Agreement is made and entered into between Shipper and Crowley Logistics, Inc. a corporation organized and existing under the laws of the State of Delaware, hereinafter referred to as the "Broker". It is the intent of the parties that Broker provide the transportation services described in this agreement to Shipper as a Broker that is duly authorized to perform such services for compensation under a license issued to it by the Federal Motor Carrier Safety Administration. In consideration of the promises hereinafter contained, the parties do hereby mutually agree as follows to-wit:


  1. Transportation. Broker is a licensed property broker that arranges the transportation of commodities, including commodities which are either regulated or exempt from regulation. Shipper shall tender or cause to be tendered a series of shipments during the term of this Agreement and Broker will arrange for transportation of these goods only with properly licensed carriers. Carriers include motor carriers, rail, or intermodal service providers. Broker will perform such services within the extent of Broker’s authority from the Surface Transportation Board or any other appropriate state regulatory agency. In no event will Shipper knowingly request Broker to, and Broker will not knowingly, provide services or act in any manner which would cause broker to break any laws or conflict with any regulations of the appropriate local, state or federal agencies.


  2. Minimum Shipment. During the term of this Agreement, the Shipper will tender or cause to be tendered to Broker a series of shipments on a continuing basis.


  3. Rates. Shipper will compensate Broker for all services performed hereunder at rates agreed to by the parties. Broker will receive a request to perform special services, limited duration services, and/or single shipment service. Rates will be negotiate verbally and confirmed in writing (or by fax)


  4. Payments. Broker is responsible for all payments to carriers for all services rendered by the carriers. Shipper’s payments will always be made directly to the Broker.

    Payments from the Shipper to the Broker will be made within agreed upon terms from the freight invoice date. Freight invoices from the Broker, must be accompanied by a copy of a receipt specified in this Agreement. Shipper retains the right to pay the Broker based on the Shipper’s records without the submission of the receipt or document specified in this Agreement.

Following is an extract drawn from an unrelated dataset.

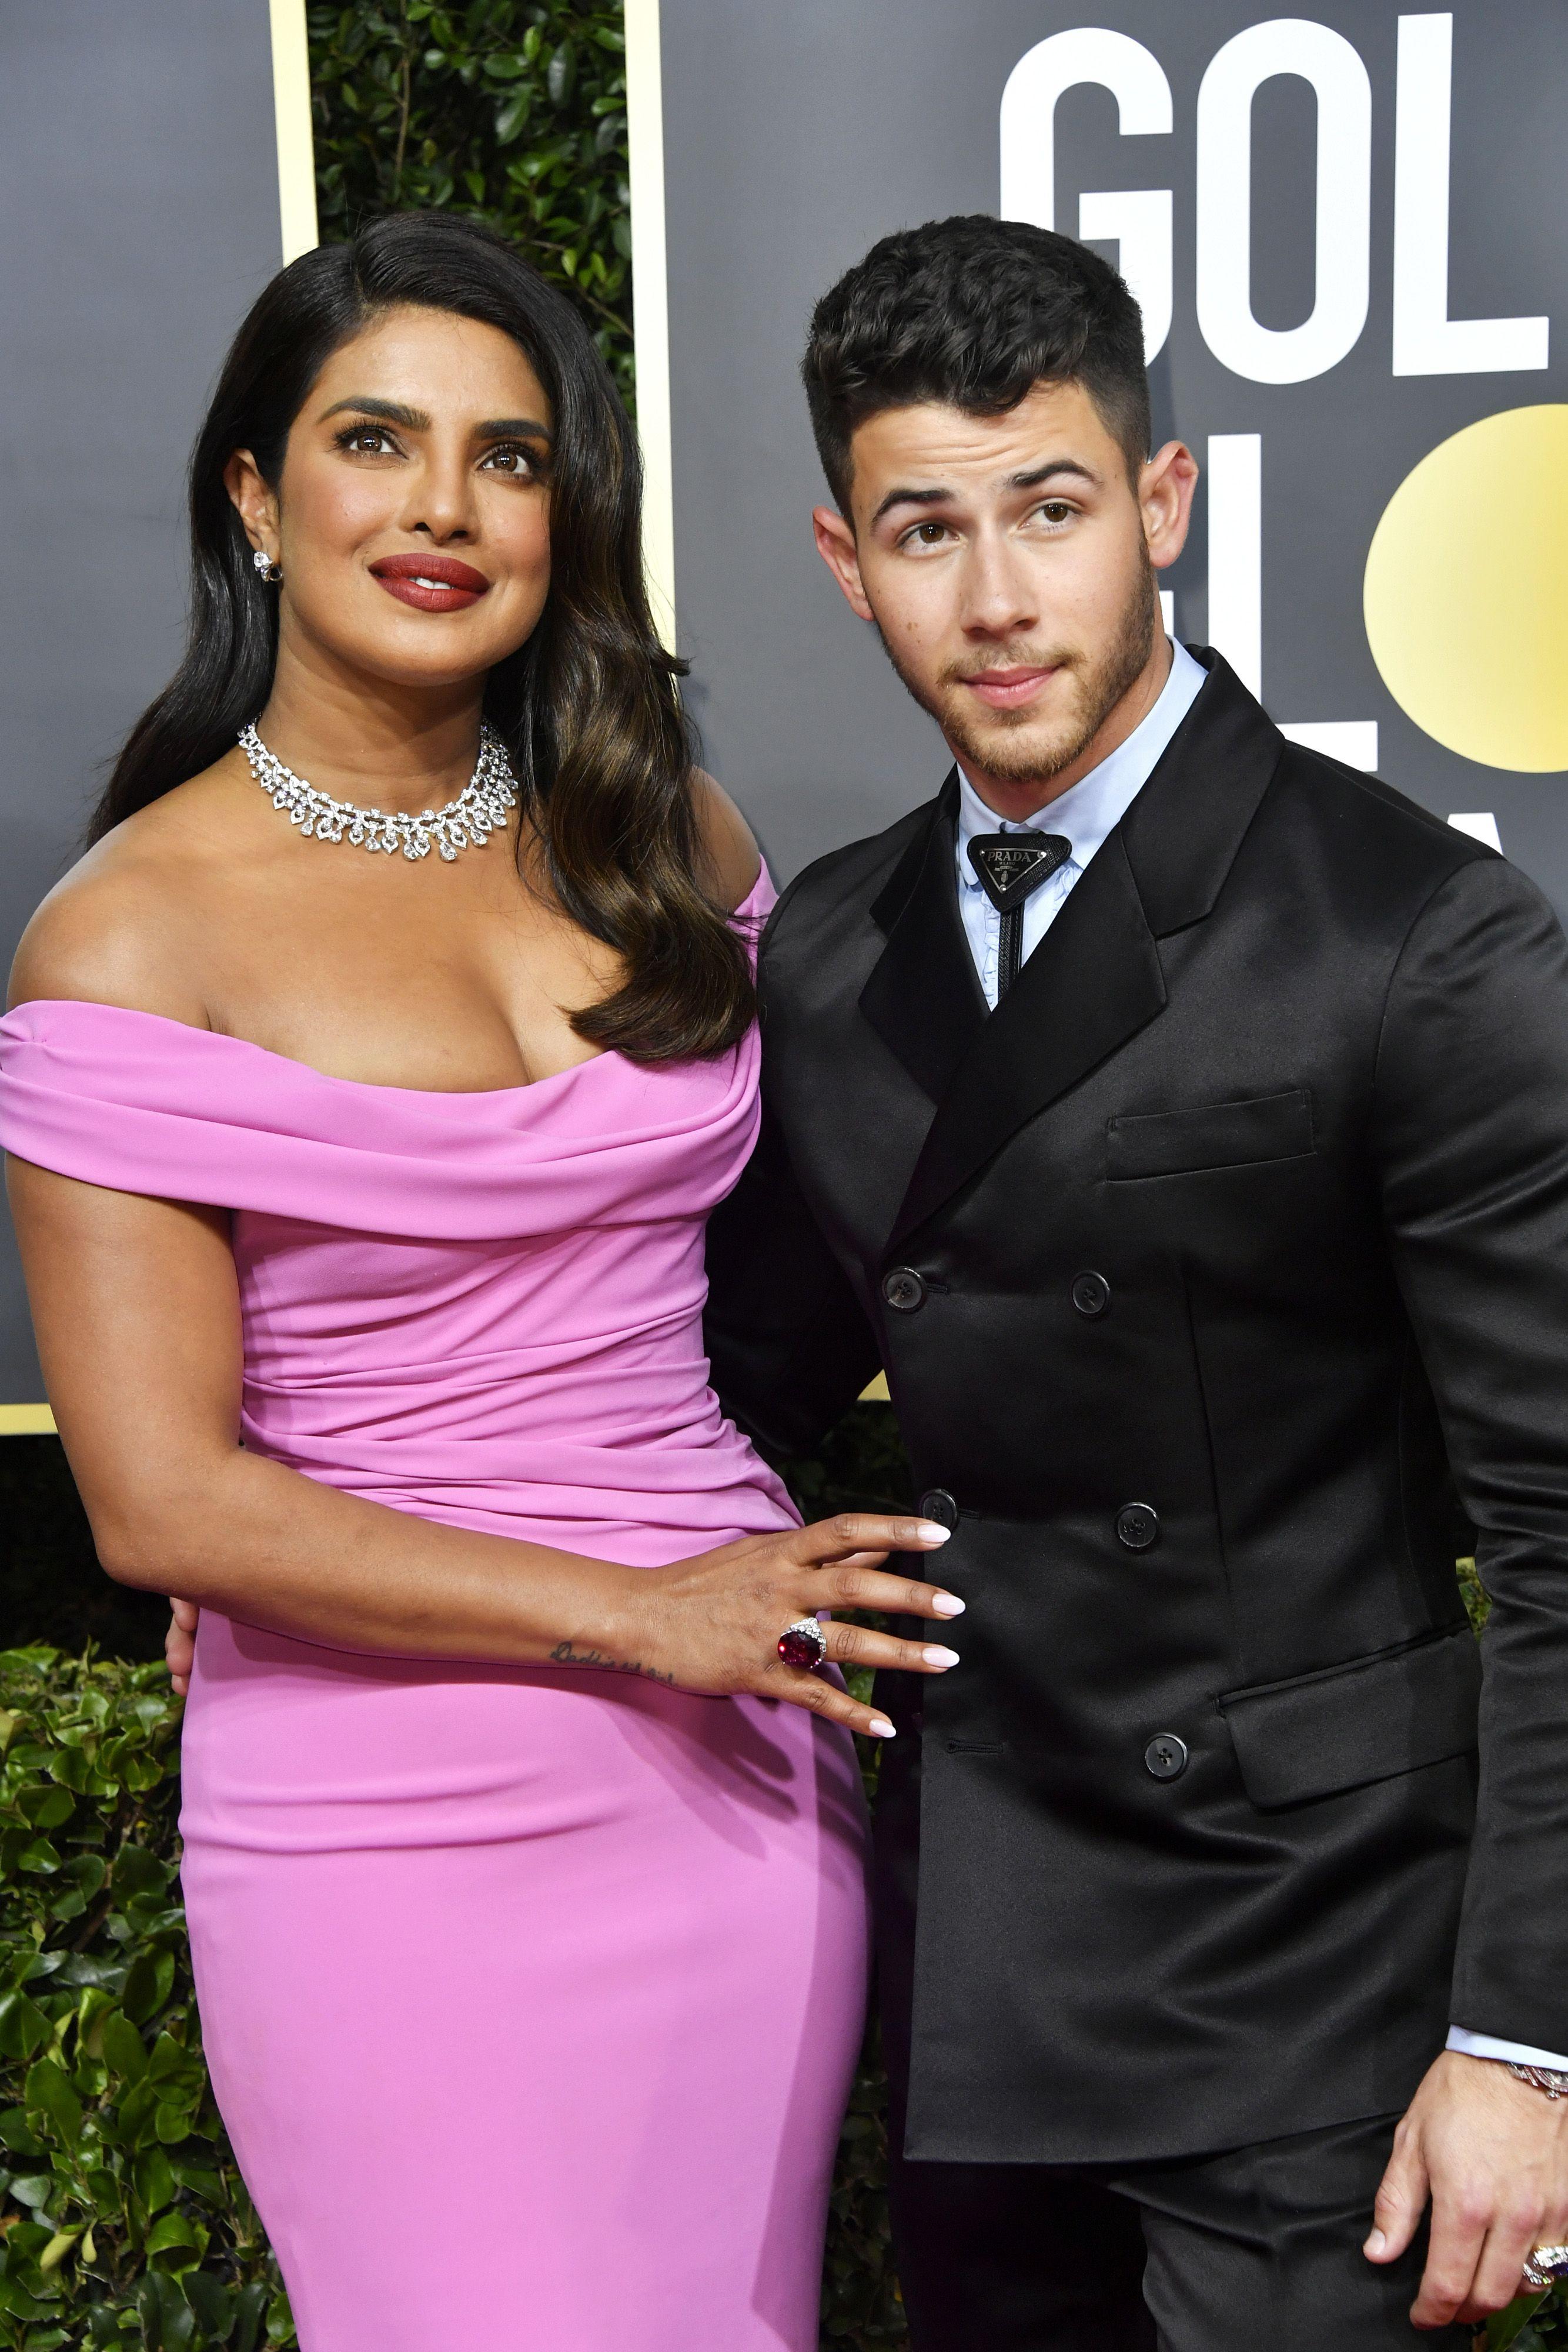 Are Priyanka Chopra And Nick Jonas' Social Media Posts Too Staged?

    Freight bills that the Shipper of its selected payment service considers to be incorrect are to be forwarded to the Broker within 180 days of the original freight bill for resolution, payment period not specified.

    Payments that the Broker considers to be incorrect are to be documented and forwarded to the Shipper within 180 days of the original freight bill for resolution, payment period not specified. In the event that Shipper receives any undercharge claim from a carrier on shipments which were arranged by the Broker, shipper will immediately forward such undercharge claim to the Broker who will be responsible for such claims.

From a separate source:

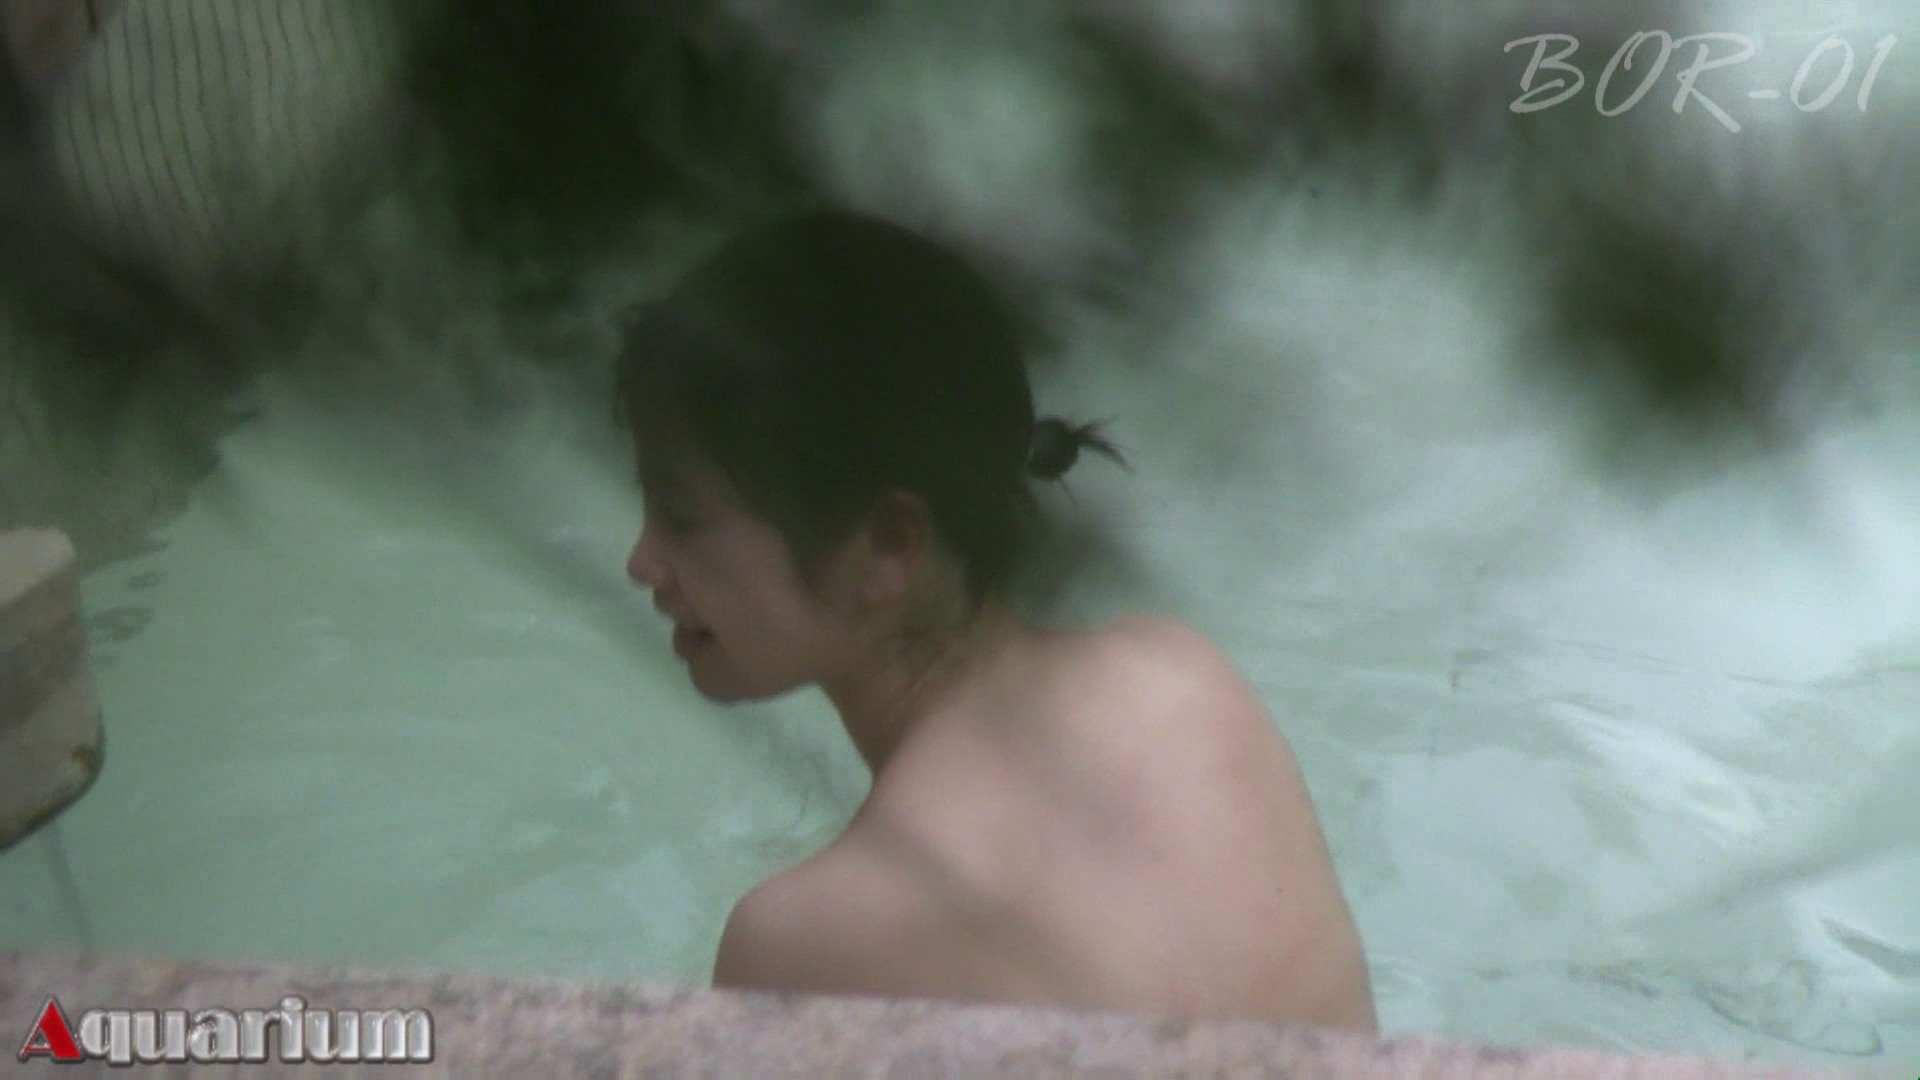 Aquaな露天風呂Vol.465 露天   OLセックス  51画像 37

  5. Form of Receipt. Broker agrees to provide Shipper with adequate proof of acceptance and delivery of loads tendered to Broker by Shipper, Shipper’s vendors, or Shipper’s consignees. Adequate proof will be in the form of a signed bill of lading, delivery receipt, shipping instructions, or other document acceptable to Shipper.


  6. Compliance. Broker, at Broker’s own expense, will at all times during the performance of this Agreement, maintain in full force and effect any and all licenses, permits, certificates, surety bonds and insurance which are, or may be required by any and all governmental regulatory bodies having jurisdiction over the services herein contemplated.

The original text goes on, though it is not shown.